On the campaign trail
* Launched in November last year, ‘Savlon Healthy Hands Chalk Sticks’, a campaign created by Ogilvy & Mather India for ITC offers an interesting and easy-to apply solution for children’s hygiene in small towns and rural areas
* The solution is a chalk stick infused with soap granules, a regular class room tool doubling up as a soap bar. Children use the chalk sticks during class and the dust that settles on their hands acts as soap when placed under water
* The product was easily adopted by children and the desired objective of keeping their hands clean was neatly integrated into their daily lives. As an inexpensive solution, it was easy for ITC and Ogilvy to push this in schools
* ITC has reached one million children in over 2,000 schools with this initiative.

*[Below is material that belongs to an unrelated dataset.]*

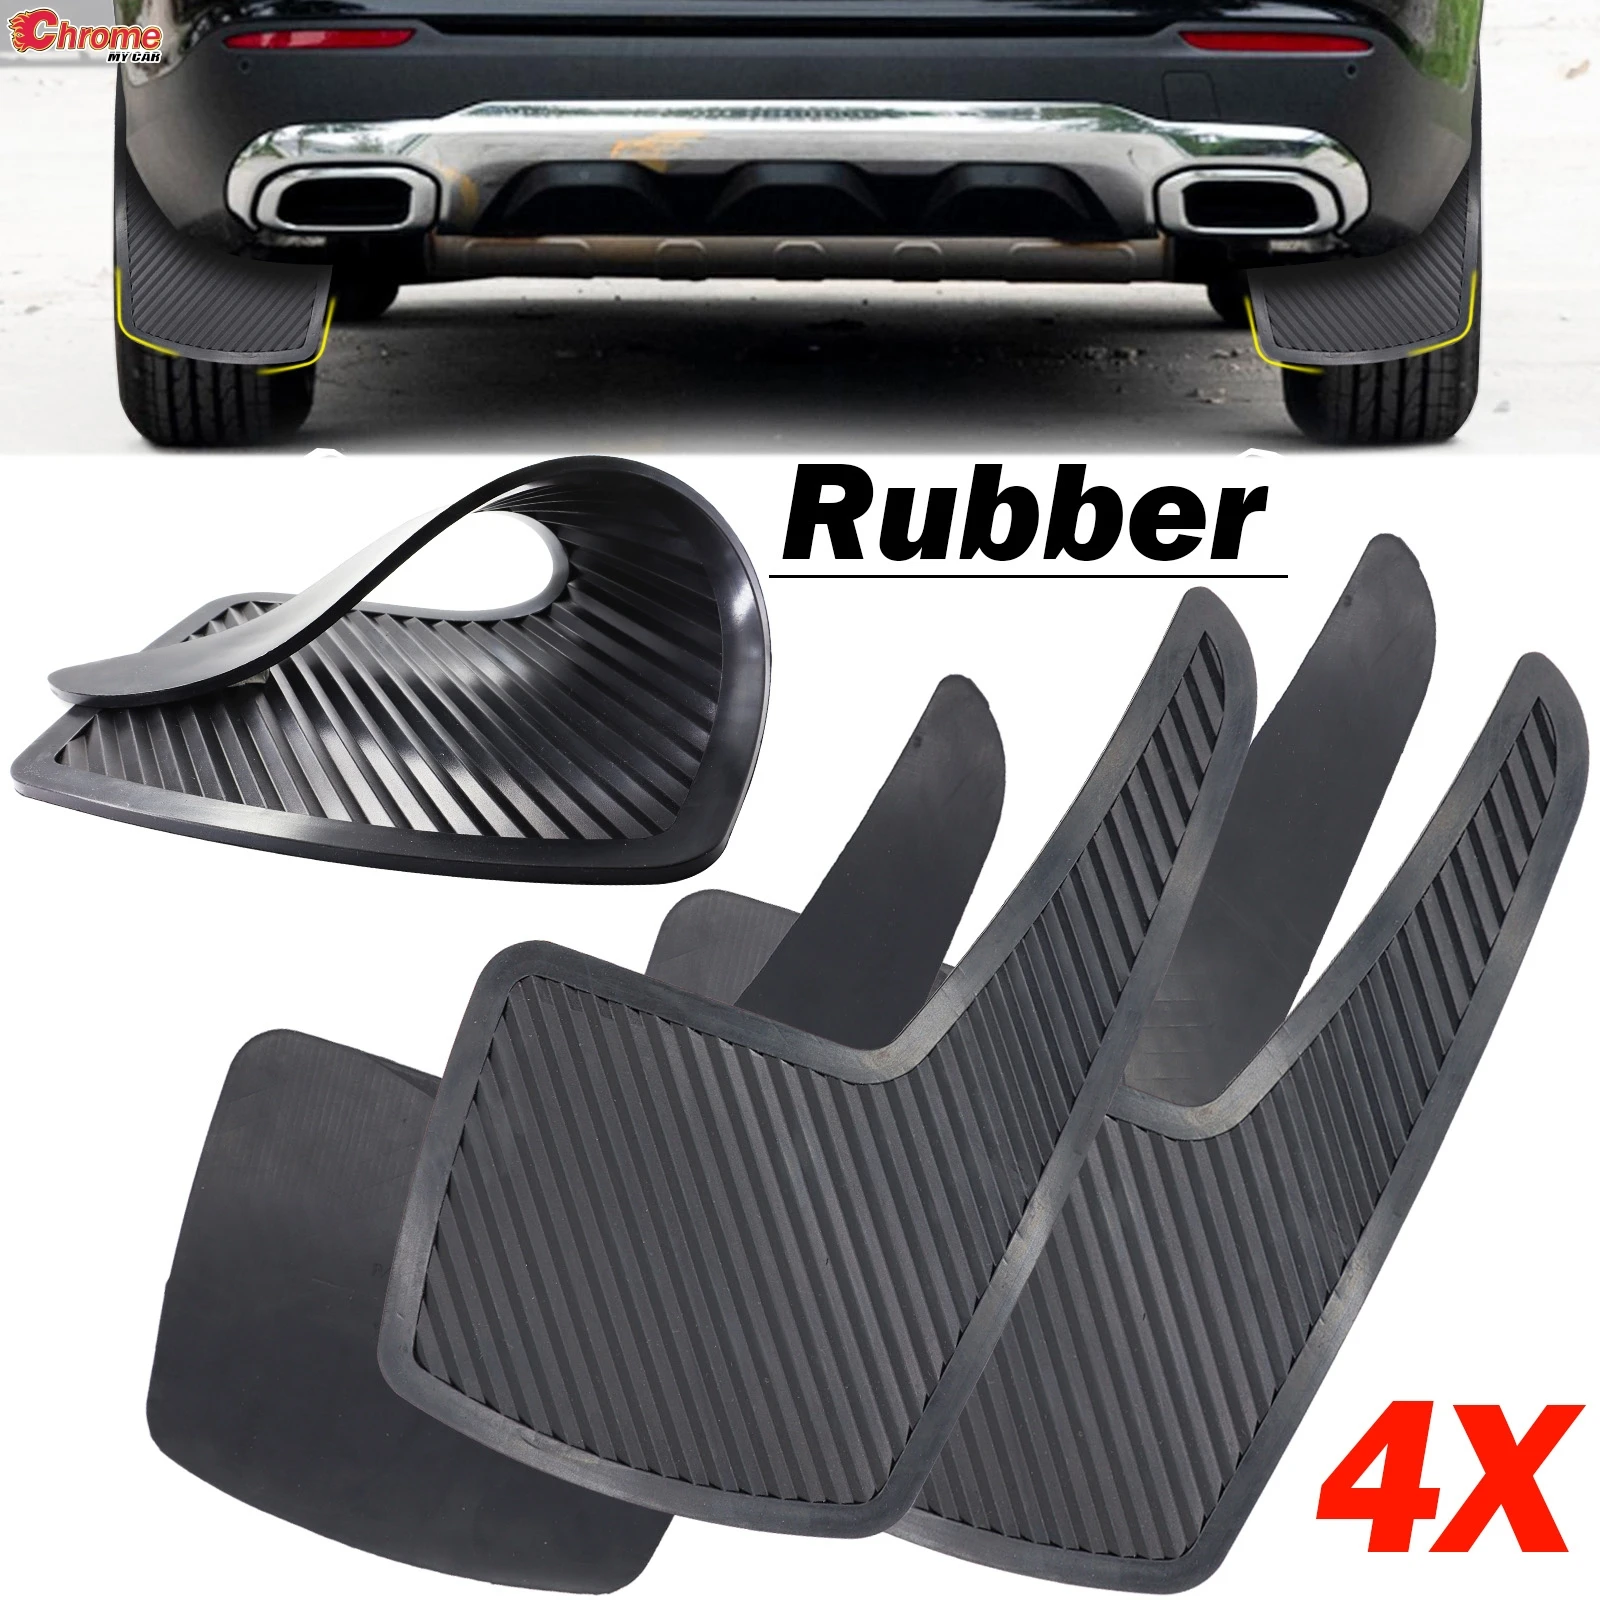 

4x Rubber Mud Flaps Mudflaps Splash Guards Front Rear For Cars Pickup SUV Van Truck For BMW 1 2 3 4 5 7 X1 X2 X3 X5 Universal
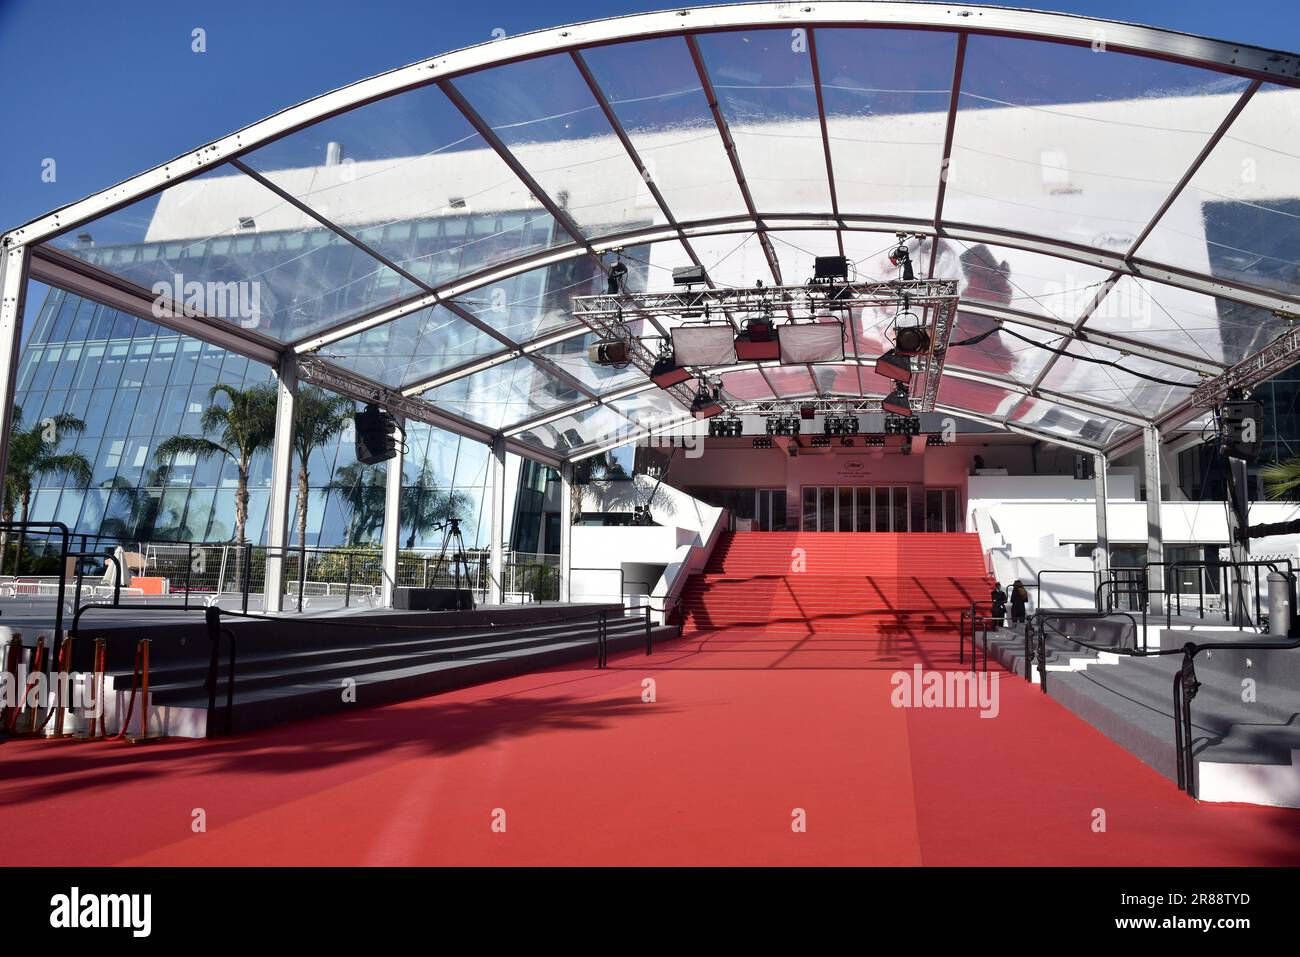 France, french riviera, Cannes, the stairs of the festival palace with the famous red carpet for the international film festival. Stock Photo

It got Ogilvy seven out of its total nine-metal-haul at the Cannes Ad Fest 2017
In a statement, ITC said that ‘Savlon Healthy Hands Chalk Sticks’ was an integral part of the Savlon Swasth India Mission, a programme designed to encourage behavioural change towards washing hands among children and adults. This mission has already reached about one million children in over 2,000 schools.
Sameer Satpathy, chief executive, ITC’s personal care products business, said, “In line with ITC’s core philosophy of putting India First and creating value for society, Savlon Swasth India Mission seeks to reinforce the company’s ongoing efforts in sanitation and hygiene education in India. We are happy that the innovation (Savlon chalk sticks) has been appreciated globally.”
At Cannes this year, ‘Savlon Healthy Hands Chalk Sticks’ walked away with two gold, one silver and four bronze Lions, giving Ogilvy seven of its total nine metals. That the agency attached a box of chalk sticks with its entry form for the festival perhaps helped further their case with the Cannes jurors who got a first-hand look and feel of the solution.